— Медицина является не чем иным, как огромной добросовестной опытностью, что засвидетельствовал еще Плиний, сказав: «Опыт — мать всех наук».
Снова заорали, завизжали, завопили, но сквозь этот собачий базар я уже отчетливо слышу голоса: «Замолчите, дайте Парацельсу говорить!.. И я жду новой паузы и сразу же включаюсь в нее:
— Глупость, суеверия и невежество — вот демоны, мешающие взглянуть нам на мир открытыми глазами, черными шорами закрывающие нам глаза, как рудничной лошади…
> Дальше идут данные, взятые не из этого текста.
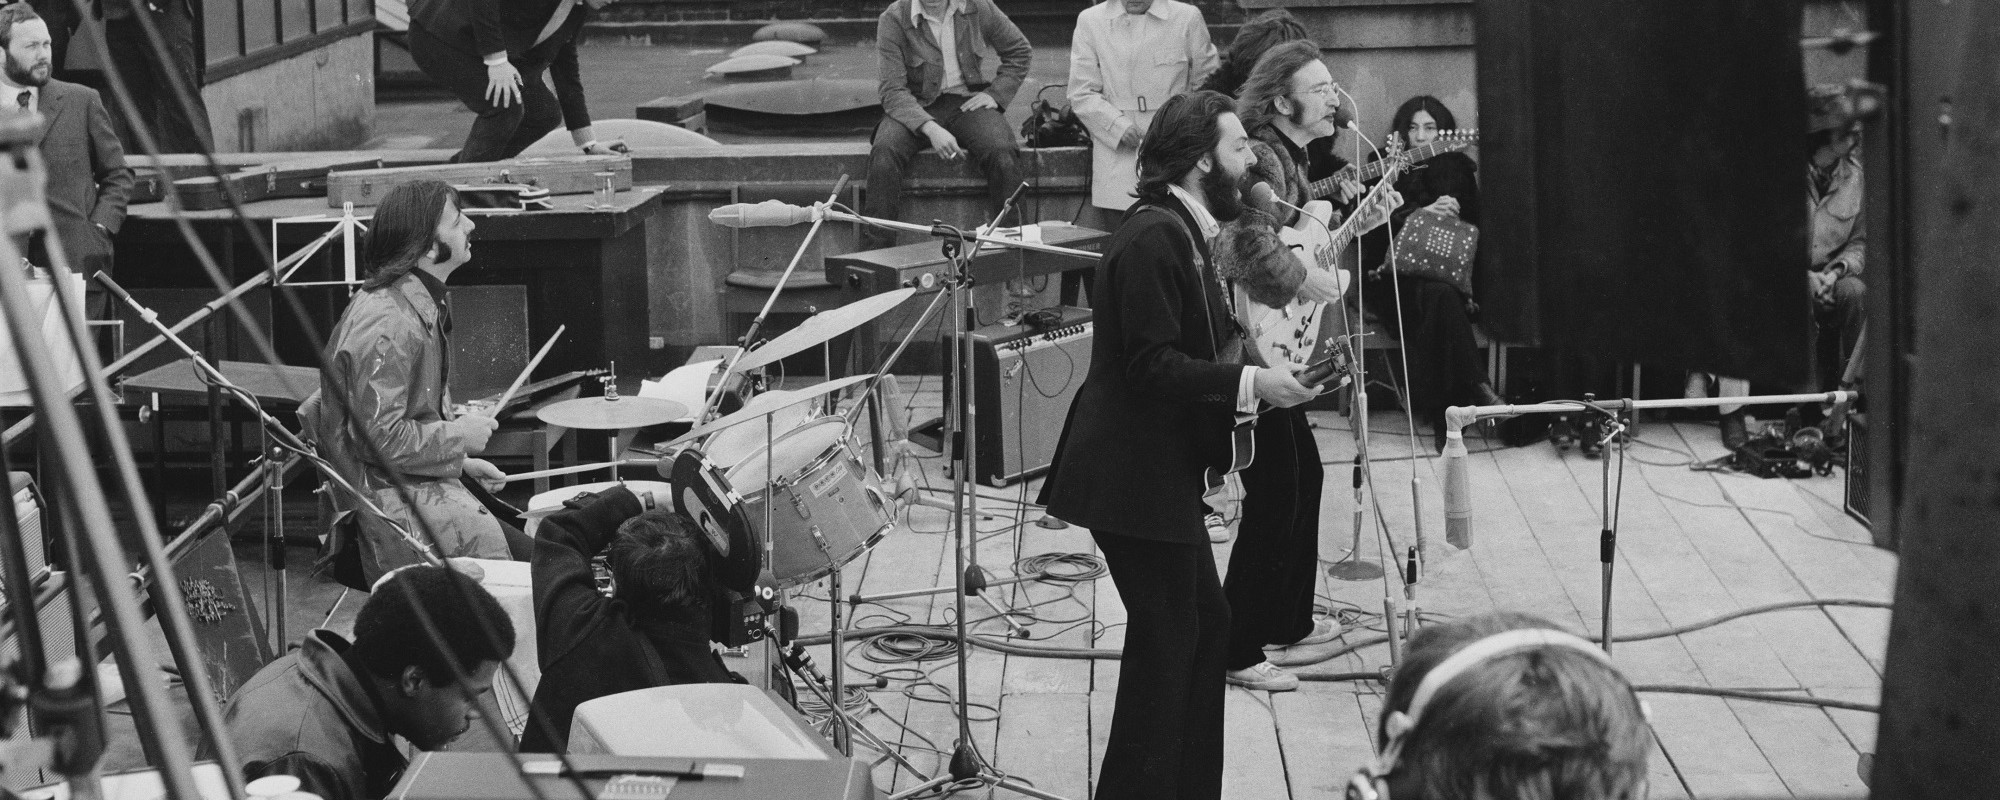 “There Will Be an Answer”: The Beatles Cryptic Message Has Fans Connecting Dots to the ‘Let It Be’ Movie

Среди преподавателей — борьба: некоторые хотят встать и громко, со скандалом выйти из зала, но Наузен и члены магистрата сидят на своих местах с непроницаемыми лицами, и остальной синклит удерживает нетерпеливых от решительных цоступков. Но кричат они дружно:
— Он сам невежда!
— Дикий осел из Эйнзидельна!
— Пусть убирается к своим швабам!
— Колдун! Пьяница!
— Всех присутствующих, кто хочет следовать новыми путями в науке, я зову за собой…
— Распутник!
— Пьяница!
— Посол Люцифера!
— Я не буду учить вас риторике — пусть ораторы упражняются в словах, а расскажу я вам обо всех известных мне болезнях, об устройстве человеческого организма, о силах, им управляющих, о причинах расстройства этих сил; я буду читать вам два часа в день великую премудрость химии, которая есть сущность всех превращений в нашей плоти; я поведу вас к постели больного, чтобы вы узнали опыт распознавания болезней и самый короткий путь лечения их. Мы пойдем с вами за город, и объясню я вам значение и возможности в нашем прекрасном и добром искусстве растений и минералов…
— Проходимец!
— Замолчите! Дайте ему говорить!
— Жулик!
— Тихо! Тихо! Мы хотим слушать!
— Он украл диплом врача!
— Вы, завистники, дайте послушать великого доктора!
— Мы внимаем тебе, Парацельс!
— Знайте, что врач должен денно и нощно думать о своем больном и ежедневно наблюдать его — все свои думы и помыслы он обязан направлять на лечение больного, о котором должен, как мать, заботиться и болеть сердцем…
— Убирайся прочь!
— Мы с тобой, Парацельс! Мы — твои ученики, доктор Теофраст!
Это кричат студенты — их большинство, и я чувствую, что к глазам моим подступают слезы.
И я говорю тихо, но мне кажется, слышат все:
— Врач не может быть старой бабой, лицемером, мучителем, трусом или легкомысленным лжецом, но должен быть праведным человеком…
Глава 17. Суд совести повесток не шлет
Мы еще долго разговаривали с Хлебниковым, потом он уехал домой, и сразу же погас свет почти во всех окнах лечебного корпуса, и охватило меня чувство огромного одиночества в этом пустынном больничном дворе с чахлым сквериком, утыканным тощими приземистыми облетевшими деревьями. Совсем, совсем никого здесь не было. Из-за домов сочился дымный отсвет никогда не гаснущего зарева над вокзалами, где-то мягко, вкрадчивым баском ревнул электровоз, с улицы доносилось дребезжанье колес на разбитой мостовой. А здесь было тихо.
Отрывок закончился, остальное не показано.